(Records from a collection)
------------

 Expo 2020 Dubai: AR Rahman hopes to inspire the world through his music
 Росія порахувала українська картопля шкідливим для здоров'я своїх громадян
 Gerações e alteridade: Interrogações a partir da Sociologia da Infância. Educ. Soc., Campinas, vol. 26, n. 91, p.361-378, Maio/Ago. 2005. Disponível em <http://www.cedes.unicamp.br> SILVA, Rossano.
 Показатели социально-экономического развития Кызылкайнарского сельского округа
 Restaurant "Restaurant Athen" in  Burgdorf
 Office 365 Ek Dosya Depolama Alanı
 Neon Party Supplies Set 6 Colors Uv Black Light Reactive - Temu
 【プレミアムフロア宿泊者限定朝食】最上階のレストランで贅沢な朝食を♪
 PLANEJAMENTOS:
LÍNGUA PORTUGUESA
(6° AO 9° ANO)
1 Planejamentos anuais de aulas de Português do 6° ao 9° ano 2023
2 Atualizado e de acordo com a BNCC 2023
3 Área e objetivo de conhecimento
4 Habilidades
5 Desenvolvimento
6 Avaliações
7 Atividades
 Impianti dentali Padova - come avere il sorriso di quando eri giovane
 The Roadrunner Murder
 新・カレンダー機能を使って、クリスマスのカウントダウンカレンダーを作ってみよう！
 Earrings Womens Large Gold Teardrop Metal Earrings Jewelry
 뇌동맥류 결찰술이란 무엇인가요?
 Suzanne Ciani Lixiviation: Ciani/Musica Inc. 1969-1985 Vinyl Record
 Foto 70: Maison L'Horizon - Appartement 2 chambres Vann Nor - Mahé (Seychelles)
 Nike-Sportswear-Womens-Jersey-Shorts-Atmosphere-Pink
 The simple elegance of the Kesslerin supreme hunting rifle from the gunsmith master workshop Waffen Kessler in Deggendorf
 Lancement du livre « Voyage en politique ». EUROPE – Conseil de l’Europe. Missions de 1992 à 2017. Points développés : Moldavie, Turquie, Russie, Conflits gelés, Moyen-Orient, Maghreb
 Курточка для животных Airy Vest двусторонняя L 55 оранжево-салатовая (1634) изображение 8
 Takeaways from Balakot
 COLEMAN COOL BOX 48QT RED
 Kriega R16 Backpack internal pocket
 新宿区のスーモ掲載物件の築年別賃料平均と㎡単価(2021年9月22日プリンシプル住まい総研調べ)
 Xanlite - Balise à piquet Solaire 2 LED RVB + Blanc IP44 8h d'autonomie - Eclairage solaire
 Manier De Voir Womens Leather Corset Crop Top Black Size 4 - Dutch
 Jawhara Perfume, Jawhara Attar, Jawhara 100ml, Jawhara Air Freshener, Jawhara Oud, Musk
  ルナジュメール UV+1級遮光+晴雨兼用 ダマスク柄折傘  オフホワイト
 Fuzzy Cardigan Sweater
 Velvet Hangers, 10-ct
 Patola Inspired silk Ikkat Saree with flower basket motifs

------------

### INSTRUCTIONS FOR THE TASK
What you return must match the data above character for character.

### REPLY TO THE TASK
 Expo 2020 Dubai: AR Rahman hopes to inspire the world through his music
 Росія порахувала українська картопля шкідливим для здоров'я своїх громадян
 Gerações e alteridade: Interrogações a partir da Sociologia da Infância. Educ. Soc., Campinas, vol. 26, n. 91, p.361-378, Maio/Ago. 2005. Disponível em <http://www.cedes.unicamp.br> SILVA, Rossano.
 Показатели социально-экономического развития Кызылкайнарского сельского округа
 Restaurant "Restaurant Athen" in  Burgdorf
 Office 365 Ek Dosya Depolama Alanı
 Neon Party Supplies Set 6 Colors Uv Black Light Reactive - Temu
 【プレミアムフロア宿泊者限定朝食】最上階のレストランで贅沢な朝食を♪
 PLANEJAMENTOS:
LÍNGUA PORTUGUESA
(6° AO 9° ANO)
1 Planejamentos anuais de aulas de Português do 6° ao 9° ano 2023
2 Atualizado e de acordo com a BNCC 2023
3 Área e objetivo de conhecimento
4 Habilidades
5 Desenvolvimento
6 Avaliações
7 Atividades
 Impianti dentali Padova - come avere il sorriso di quando eri giovane
 The Roadrunner Murder
 新・カレンダー機能を使って、クリスマスのカウントダウンカレンダーを作ってみよう！
 Earrings Womens Large Gold Teardrop Metal Earrings Jewelry
 뇌동맥류 결찰술이란 무엇인가요?
 Suzanne Ciani Lixiviation: Ciani/Musica Inc. 1969-1985 Vinyl Record
 Foto 70: Maison L'Horizon - Appartement 2 chambres Vann Nor - Mahé (Seychelles)
 Nike-Sportswear-Womens-Jersey-Shorts-Atmosphere-Pink
 The simple elegance of the Kesslerin supreme hunting rifle from the gunsmith master workshop Waffen Kessler in Deggendorf
 Lancement du livre « Voyage en politique ». EUROPE – Conseil de l’Europe. Missions de 1992 à 2017. Points développés : Moldavie, Turquie, Russie, Conflits gelés, Moyen-Orient, Maghreb
 Курточка для животных Airy Vest двусторонняя L 55 оранжево-салатовая (1634) изображение 8
 Takeaways from Balakot
 COLEMAN COOL BOX 48QT RED
 Kriega R16 Backpack internal pocket
 新宿区のスーモ掲載物件の築年別賃料平均と㎡単価(2021年9月22日プリンシプル住まい総研調べ)
 Xanlite - Balise à piquet Solaire 2 LED RVB + Blanc IP44 8h d'autonomie - Eclairage solaire
 Manier De Voir Womens Leather Corset Crop Top Black Size 4 - Dutch
 Jawhara Perfume, Jawhara Attar, Jawhara 100ml, Jawhara Air Freshener, Jawhara Oud, Musk
  ルナジュメール UV+1級遮光+晴雨兼用 ダマスク柄折傘  オフホワイト
 Fuzzy Cardigan Sweater
 Velvet Hangers, 10-ct
 Patola Inspired silk Ikkat Saree with flower basket motifs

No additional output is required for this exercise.